Я с ужасным чувством слышал о том, что мне надо уезжать. В тот день мне казалось, что когда я и мои друзья попадут в Африку, в эту минуту мы попадём в ад. На другой день мы ступили на борт корабля «Сприд». Это было старое судно. И на нём не было капитана. А почему — вы узнаете потом.
ГЛАВА ВТОРАЯ. В ПУТЬ.
Хоть и старое судно, зато удобное, сказал мистер Джордж Мибар. Конечно, ответил Марк, я люблю старые суда. Давно не плавал по Индийскому океану.
ГЛАВА ТРЕТЬЯ. БЕРЕГ.
Эй, Джорж! С чего это ты разговорился! Земля? Как земля… Удивительно, как можно за месяц быть в Африке! Или время быстро пролетело? А хорошо жить в Африке, просто колоссально.

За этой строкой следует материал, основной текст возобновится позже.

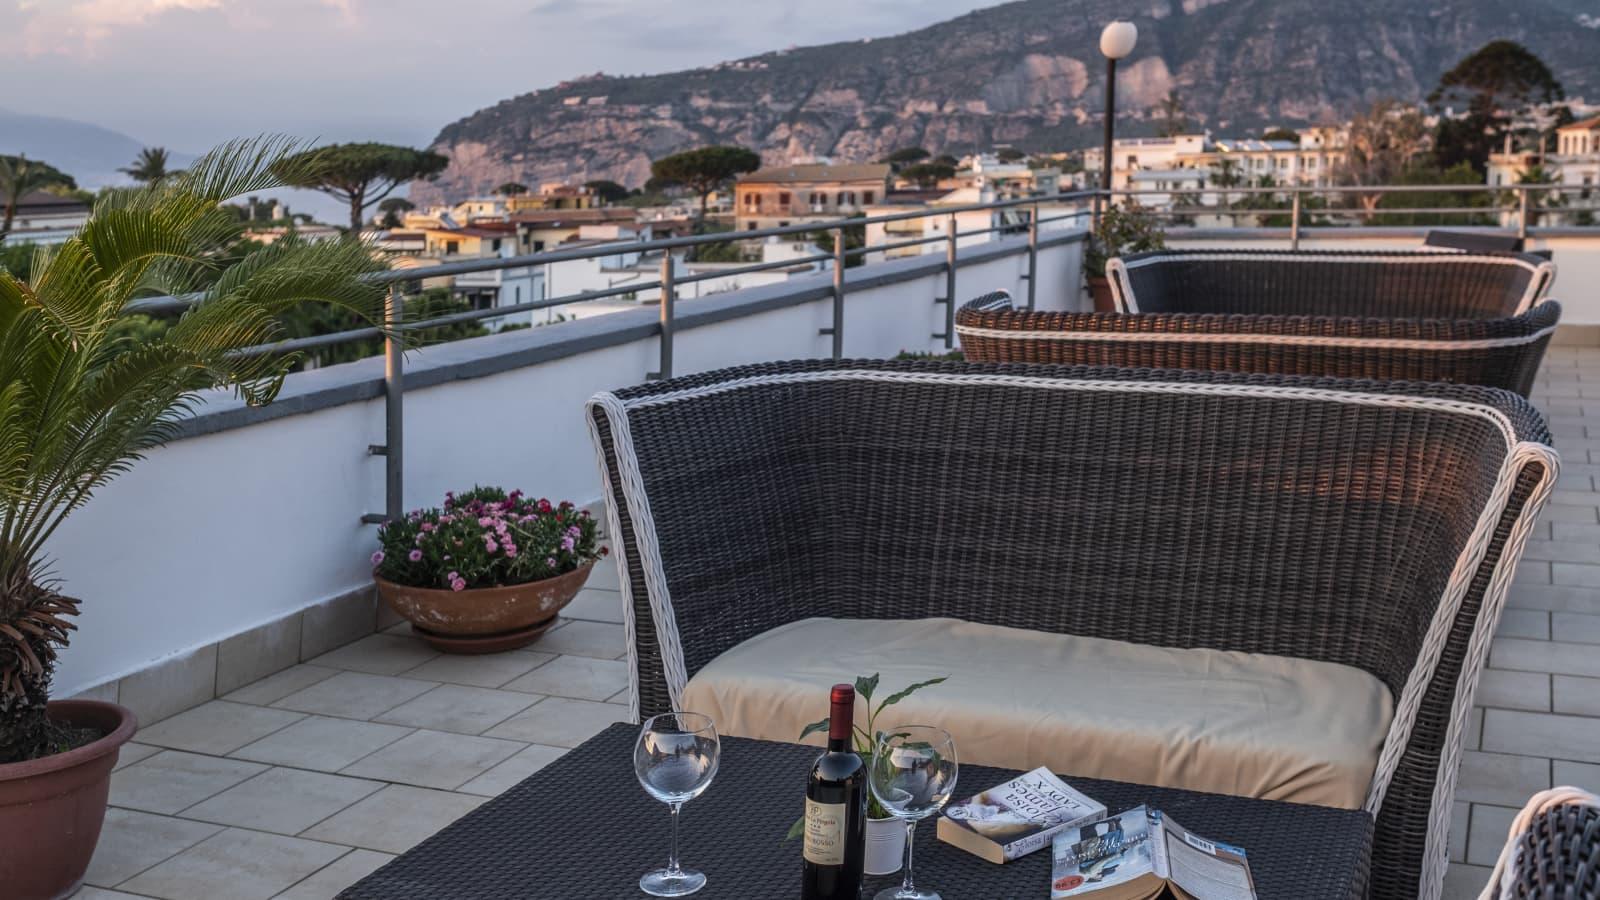 Hotel La Pergola Sorrento Sorrento And Amalfi Coast Summer Holidays Topflight Ie

ГЛАВА ЧЕТВЁРТАЯ. ОХОТА НА СЛОНОВ.
Первая забота — это еда. В Африке, сказал один матрос, cамое хорошее блюдо — слоновье мясо. Он забыл, что белый человек может есть только хобот, а всё слоновье мясо может есть только туземец. Но мы не знали этого. В этот же день мы пошли на охоту, дорога была усеяна зеленью, под ногами вилась высокая трава, там и сям прыгали обезьяны. Но вскоре шедший впереди Марк воскликнул: слоны! Все кинулись в разные стороны. Когда всё затихло, слоны направились прямо к ловушке. Тут Джорж Мибар вскочил с травы и от бедра попал слону в глаз. Слон развернулся. Тем лучше для нас, крикнул Марк, и выстрелил во второй глаз. Слон ринулся на нас, но ничего не видя перед собой, врезался в упругий дуб и повалился наземь.
ГЛАВА ПЯТАЯ. ПИР.
Тушу слона мы разделили на части и понесли к лужайке. Всё равно резать, работа эта была трудной. Одна кость была настолько твёрдая, что мы пилили её целых три часа. Наконец мы приступили к еде.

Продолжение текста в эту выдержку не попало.